From: Zb B <zbig(dot)poland(at)gmail(dot)com>
To: pgsql-general(at)lists(dot)postgresql(dot)org
Subject: Re: Replication with Patroni not working after killing secondary and starting again
Date: 2022-05-04 08:21:56
Message-ID: CAKwARkbqwVc35dZWFLvrwL_6FxvwJSq-UEzFareEcoLvqqNYsA@mail.gmail.com
Views: Raw Message | Whole Thread | Download mbox | Resend email
Thread:
Lists: pgsql-general

> What does `patronictl list` show during that interval?

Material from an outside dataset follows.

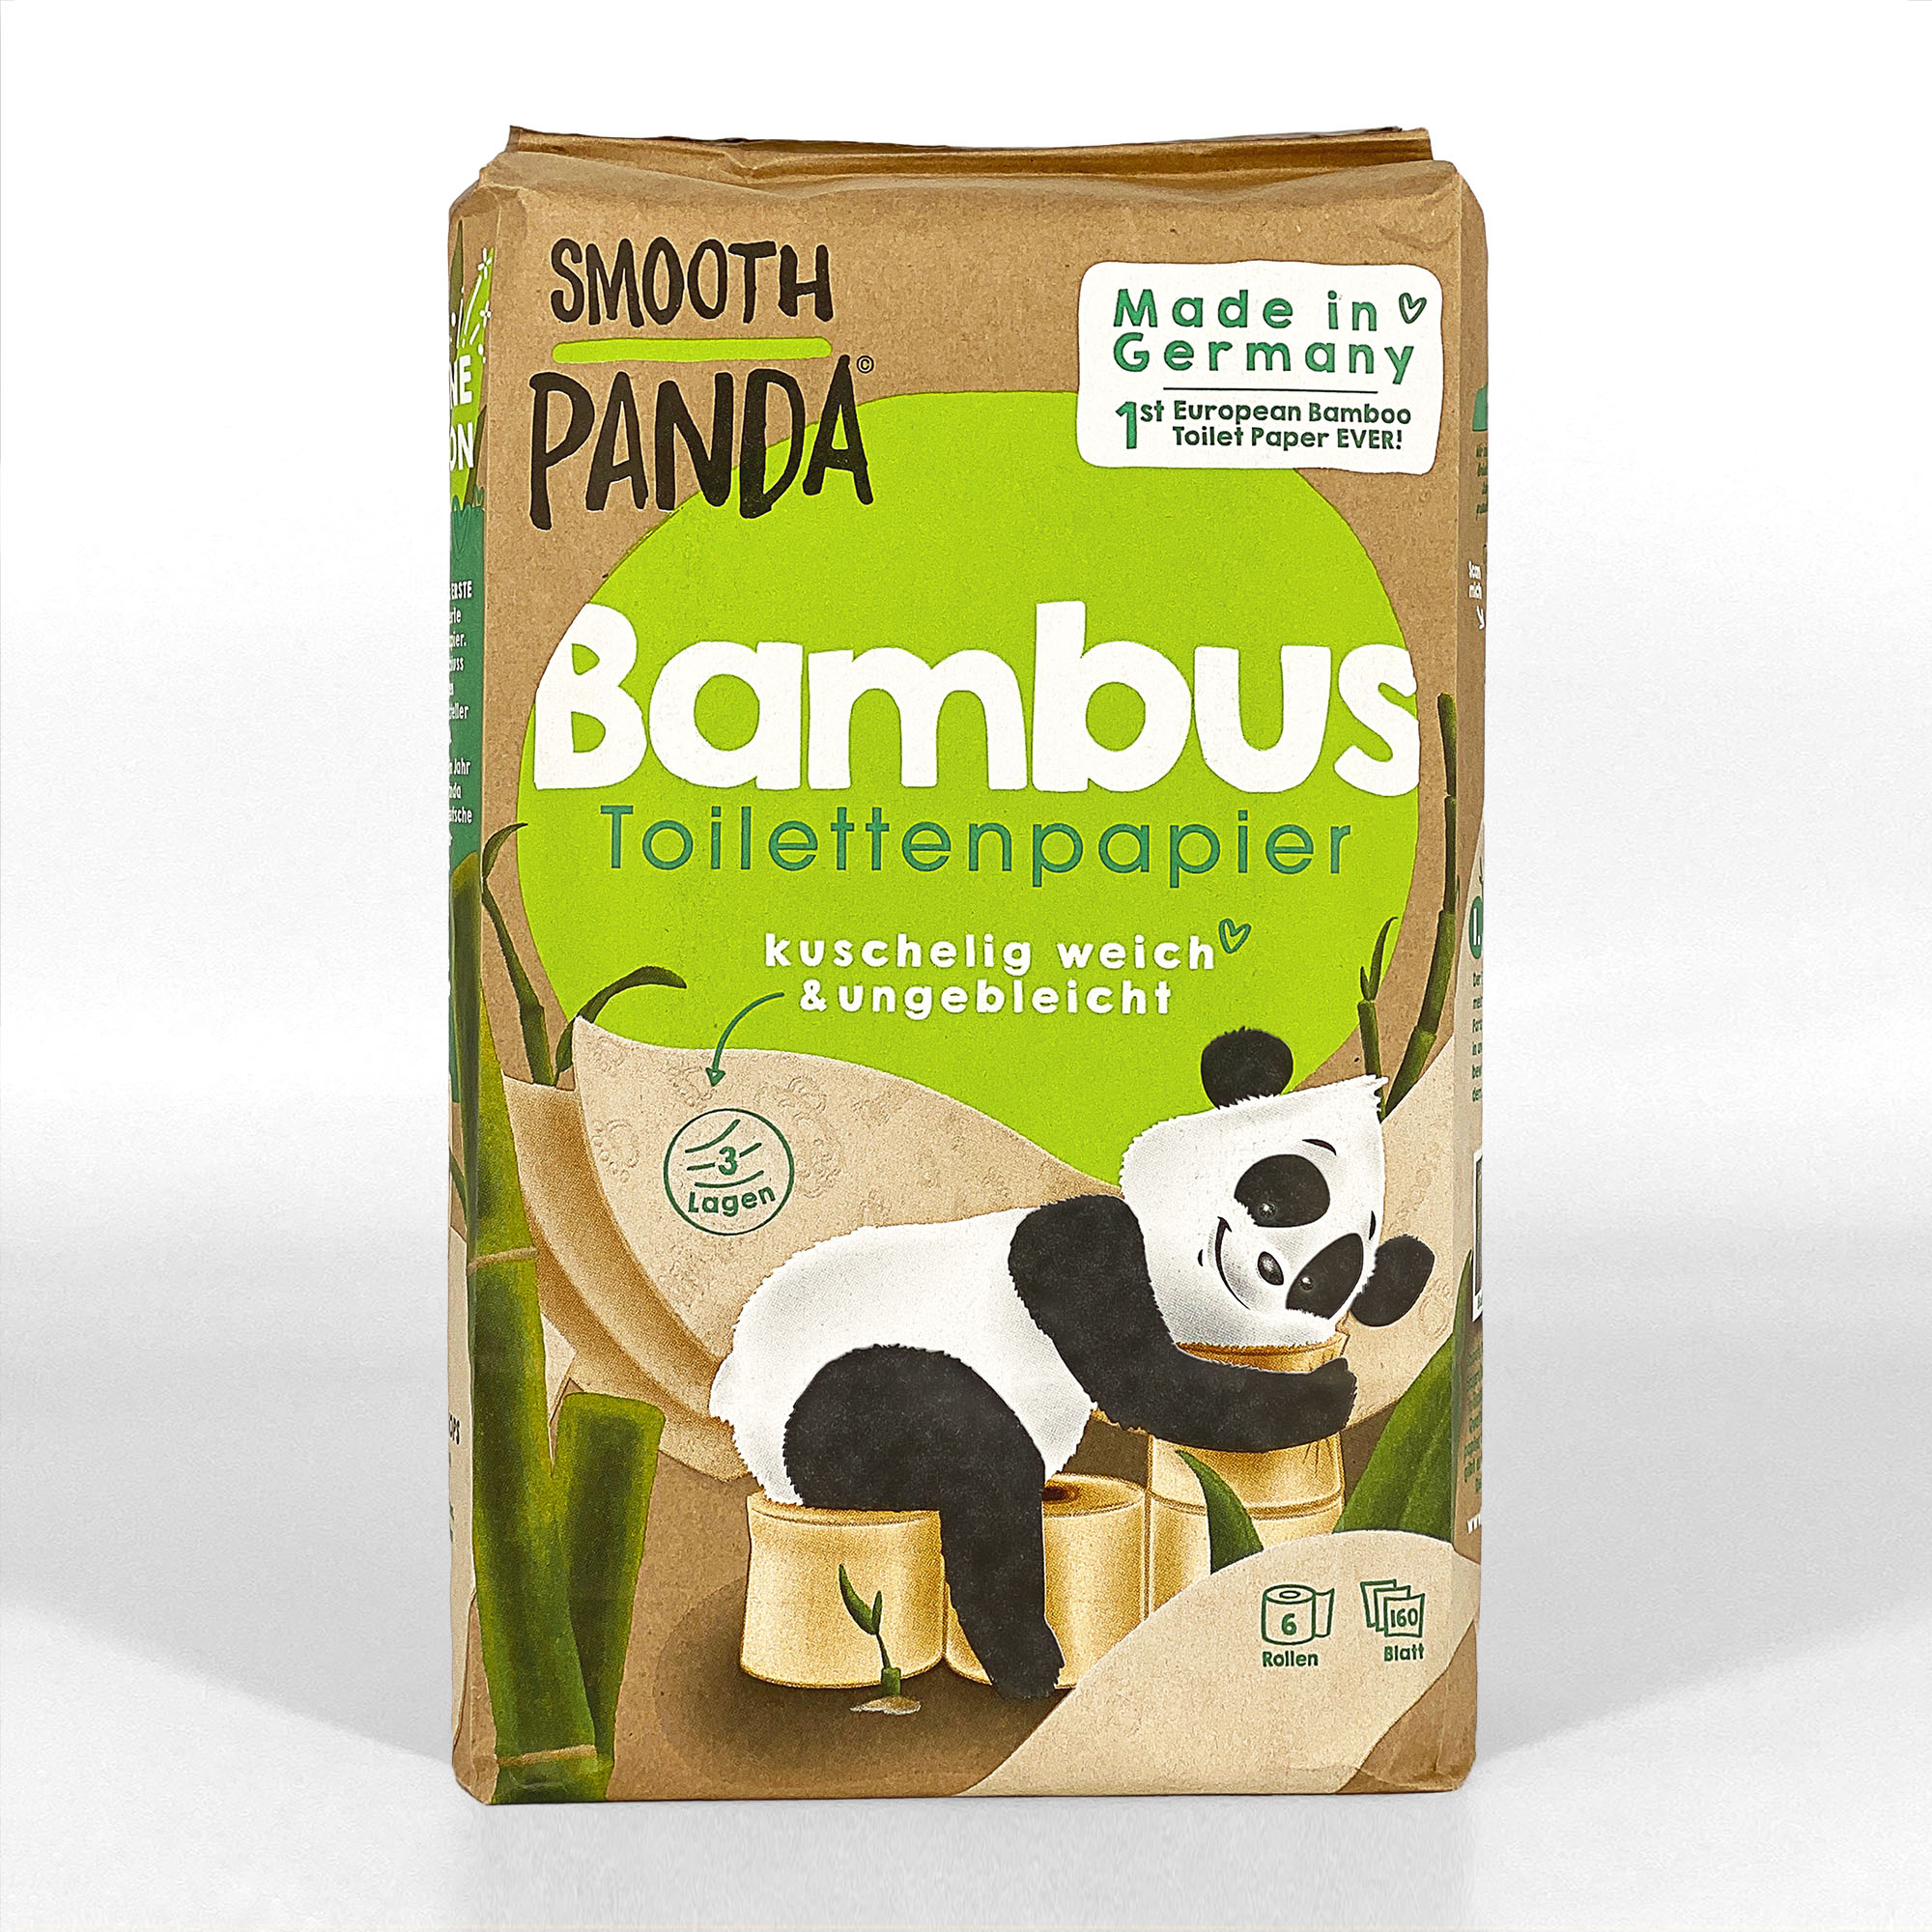 Smooth Panda - Bambus-Toilettenpapier - 6 Rollen á 160 Blatt (Made in Germany)
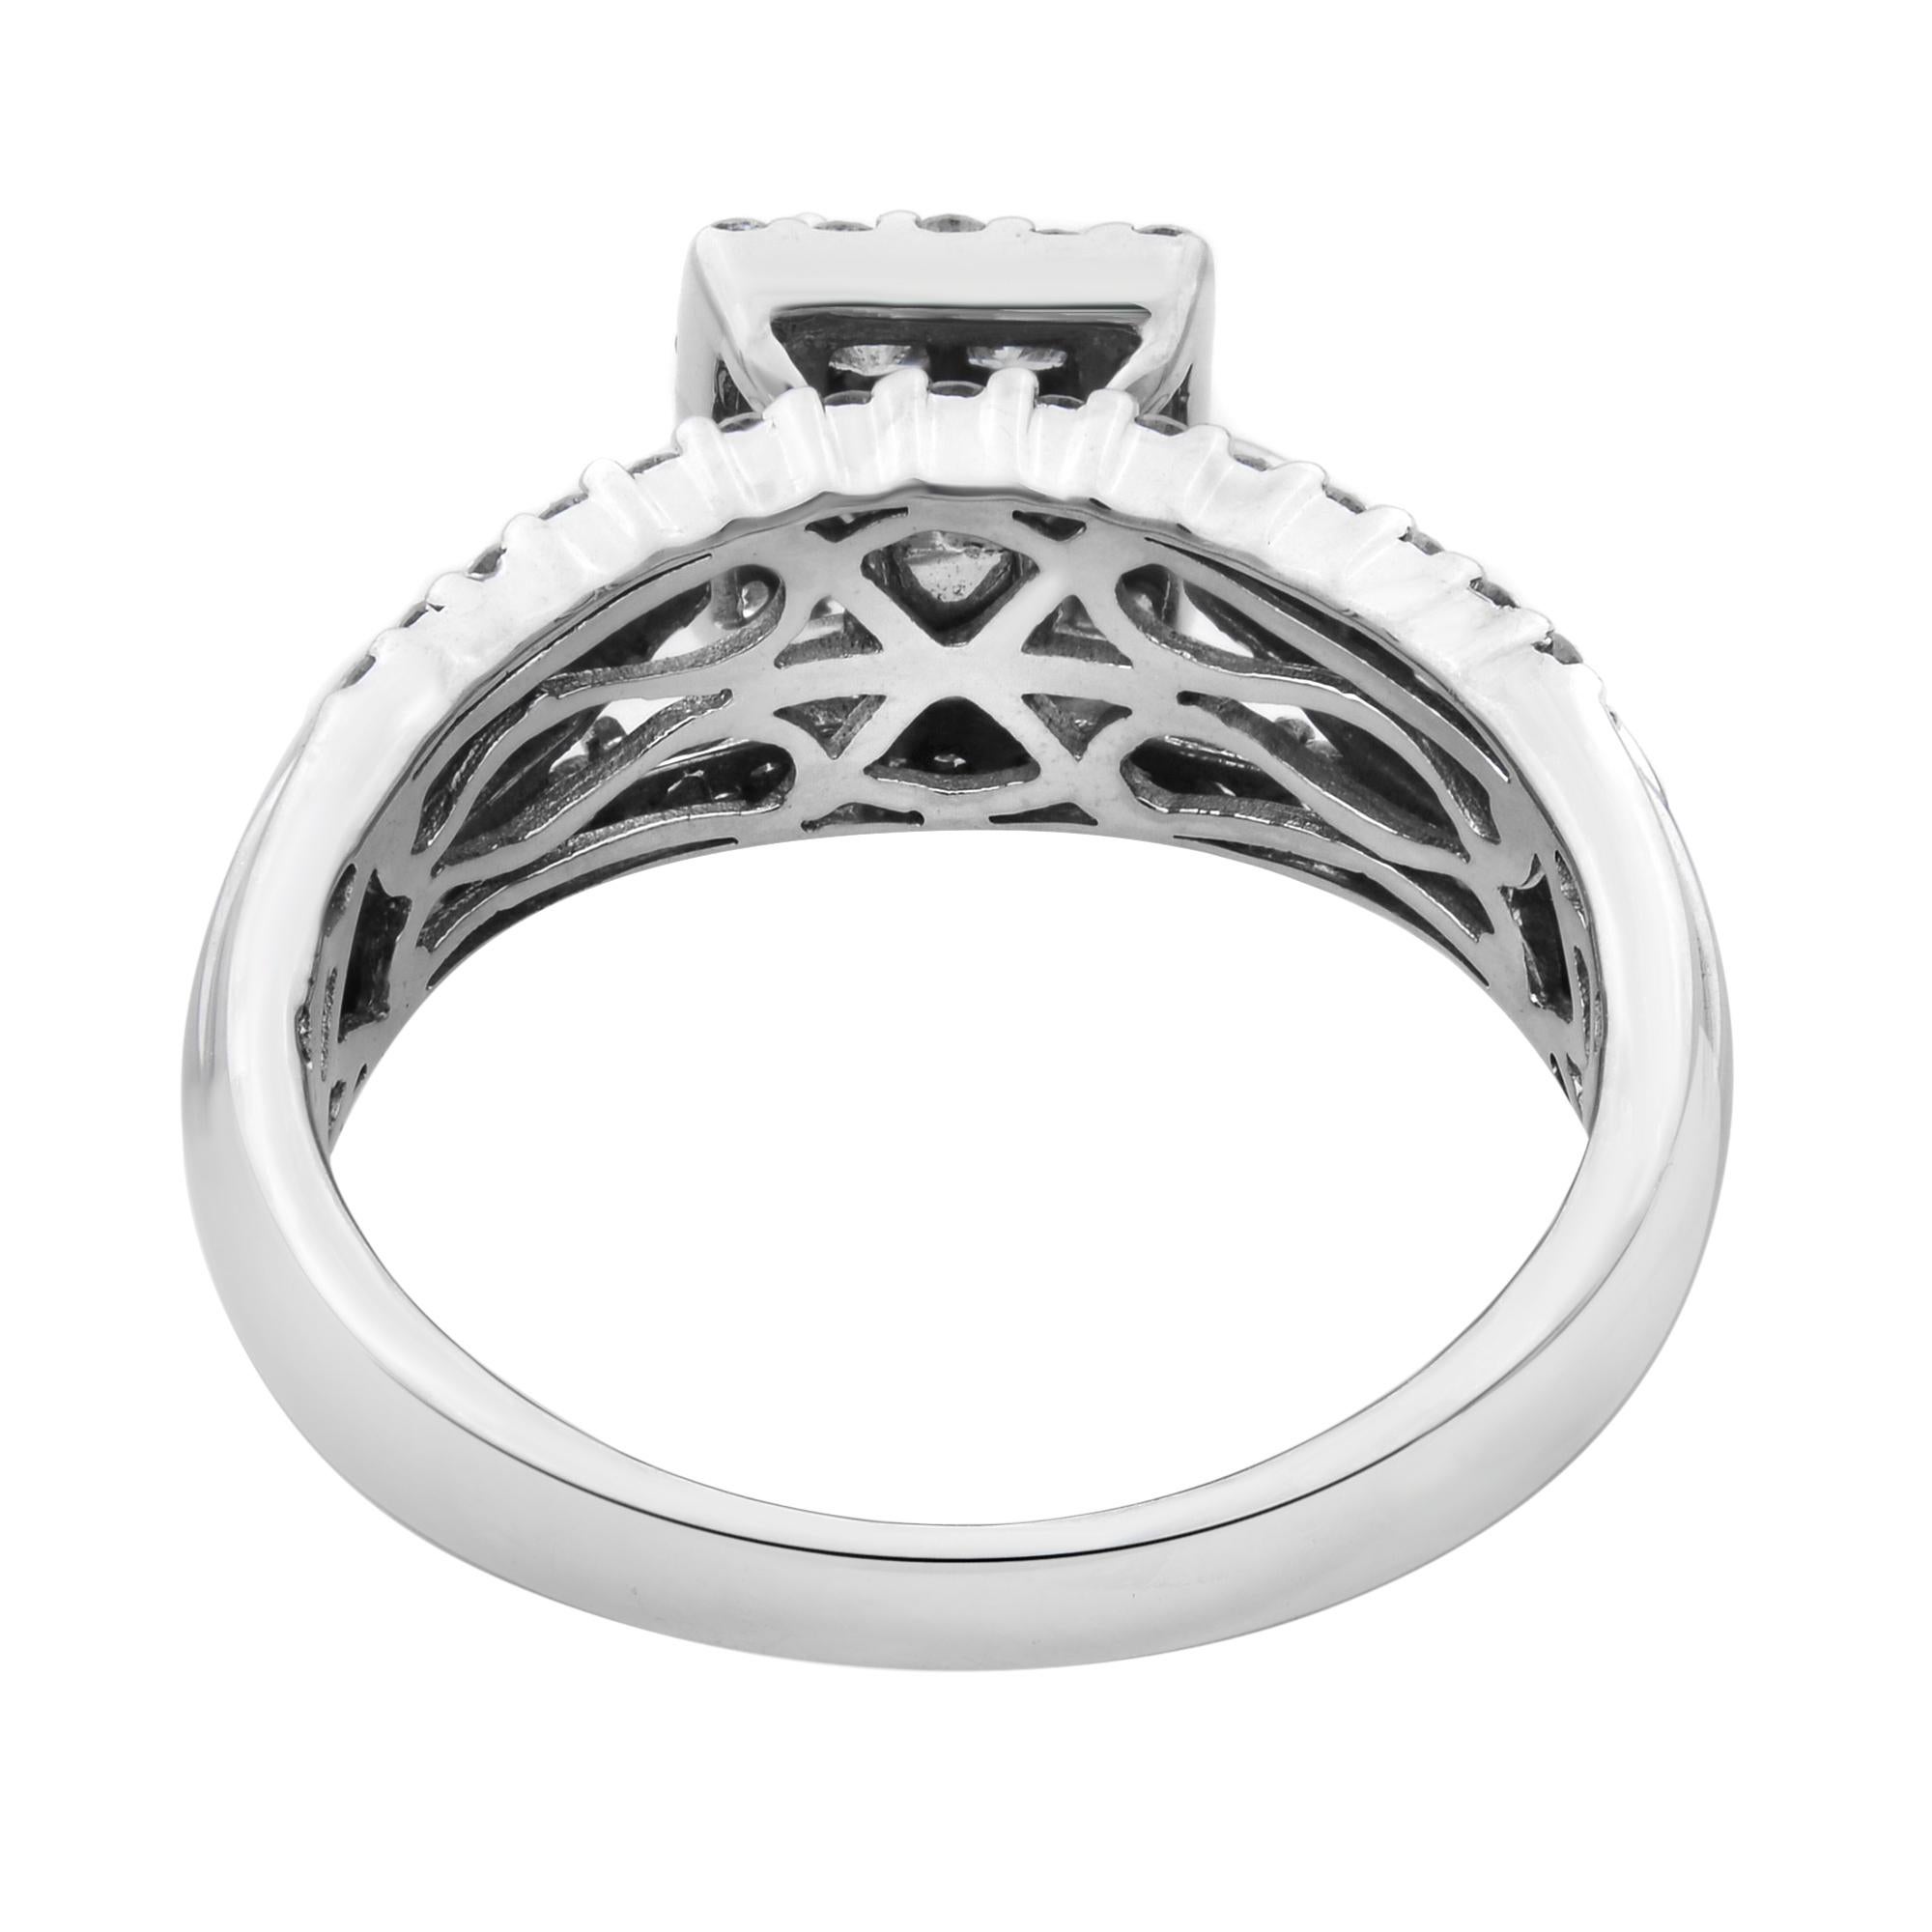 Rachel Koen Diamond Ladies Wedding Ring 14K White Gold 1.25cttw In New Condition For Sale In New York, NY

Well. I can't repeat the situation anymore. Now the replication starts
immediately after starting the patroni on secondary. I did several
switchover commands meanwhile though

Meanwhile I did another test where I run a Java app with a large number of
*short* transactions (inserts) and during execution of this app I do the
patroni switchover command:

patronictl -c /etc/patroni/patroni.yml switchover

It turned out the records were not replicated to the secondary and when I
tried to execute the switchover command on the primary I got the following
error:
Error: This cluster has no master

When I tried to execute the switchover command on the secondary it worked
but because there was a discrepancy between the primary and secondary the
records on the old primary were rolled back (the number of records on
primary and secondary became the same - the same as it was on the old
secondary)

Apparently there is something wrong with my cluster. How to debug i?. Do I
need to configure anything so the replication is synchronous?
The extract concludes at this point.